PSEG Long Island trucks leave a service yard on Jan....

PSEG Long Island trucks leave a service yard on Jan. 1, 2014. Credit: Newsday / J. Conrad Williams Jr.

The Department of Public Service Monday acknowledged a "miscalculation" and said LIPA and PSEG's rate hike should be scaled back by only 37 percent compared with the department's previous recommendation of 78 percent.

DPS previously had recommended that LIPA and PSEG Long Island cut their $221 million rate request by $173.4 million to about $47.8 million. The new figures recommend that it be cut by just $53.8 million, according to a senior DPS official and new filings. That revision would leave the utilities with a rate increase totaling about $167.4 million.

Part of the problem was that the DPS review looked only at the roughly $72 million in increases the utilities planned to charge each year, rather than the cumulative total with prior-year increases.

The new figures take into account the cumulative $441 million total new revenue that PSEG and LIPA plan to collect in rates over the three years. On a cumulative basis, DPS staff is recommending that the utilities' $441 million total revenue request be reduced to $275.8 million, a cut of $165.2 million.

The revision is a blow to the first-ever rate review by the DPS Long Island office, and will likely mean that customers will pay closer to the nearly 4 percent delivery rate hike that the utilities are requesting. Hearings on the rate request will take place later this month, and LIPA trustees are scheduled to vote on it by year's end.

The department in testimony cited a "mechanical miscalculation" and two other errors that caused an understatement of $124.3 million in the revenue requirement.

In a letter Monday to administrative law judges overseeing the matter, DPS attorney Guy Mazza cited "variances" in three separate categories the department reviewed related to issues including interest on LIPA variable-rate debt, contingent "swap" interest payments and interest-based earnings.

The letter noted the "complex" nature of the rate case, which has been condensed into an unusually short period of less than a year.

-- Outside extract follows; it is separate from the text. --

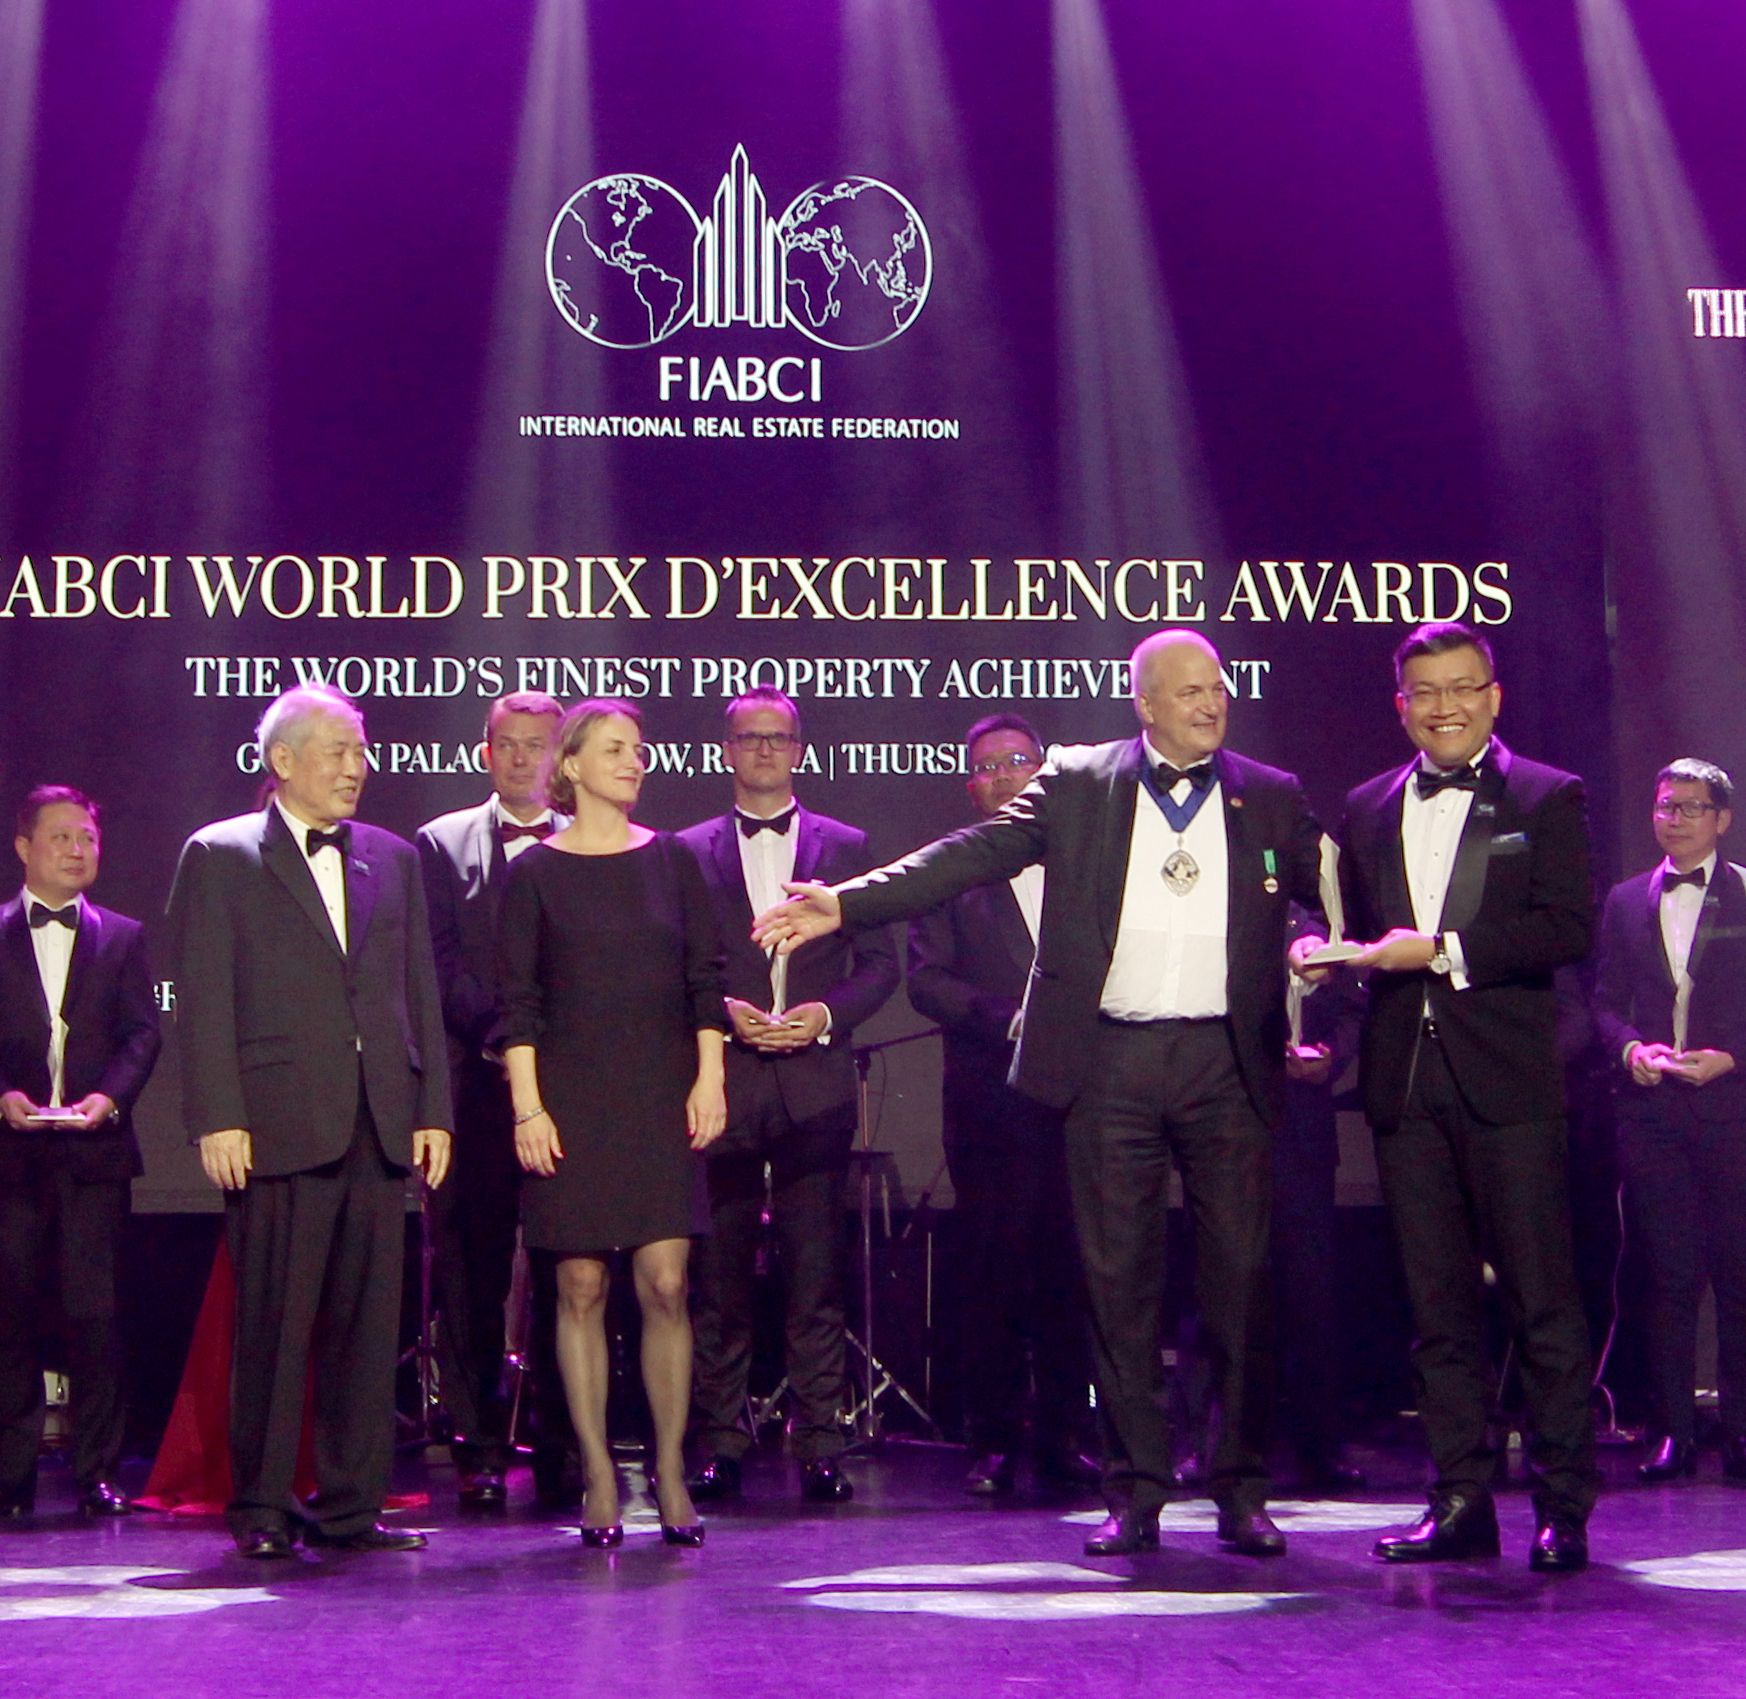  Celadon City đạt giải thưởng bất động sản FIABCI World Prix d’Excellence Awards 2019

But Assemb. Fred Thiele (I-Sag Harbor), who voted against the LIPA Reform Act, said he found "an error of that order of magnitude to be very, very disturbing. The consumers and public are supposed to be able to rely on them."

Brookhaven Supervisor Edward P. Romaine, who has requested that state Comptroller Thomas DiNapoli audit the rate request, said the miscalculation gives "more weight" to his request.

"An error of this magnitude calls for an independent auditor to come in and do an outside review," Romaine said.

But Assemb. Steve Englebright (D-Setauket), who voted for Gov. Andrew M. Cuomo's LIPA Reform Act, was more forgiving.

"The process of arriving at a precise determination on rates involves good faith efforts on the part of both of the agencies," he said of DPS and LIPA. "To have corrections is a sign of a healthy process."

Before the LIPA Reform Act, rate requests of 2.5 percent or greater would have required a full review by DPS to be voted on by the state Public Service Commission.

PSEG said in a statement that it "will carefully review the revised testimony reflecting the updated revenue requirements submitted by the DPS today and will formally respond on June 10."

LIPA review timeline

July 29, 2013: Gov. Andrew M. Cuomo signs his LIPA Reform Act into law, creating a Long Island office of the state Department of Public Service.

Jan. 30, 2015: LIPA and PSEG file their rate request, asking for $221 million in new revenue for 2016-18.

May 14: Department of Public Service files rebuttal to LIPA and PSEG request, saying it should be cut by 78 percent to about $47.8 million.

June 8: DPS revises testimony, saying LIPA and PSEG request should be cut by just 37 percent, to $167.4 million.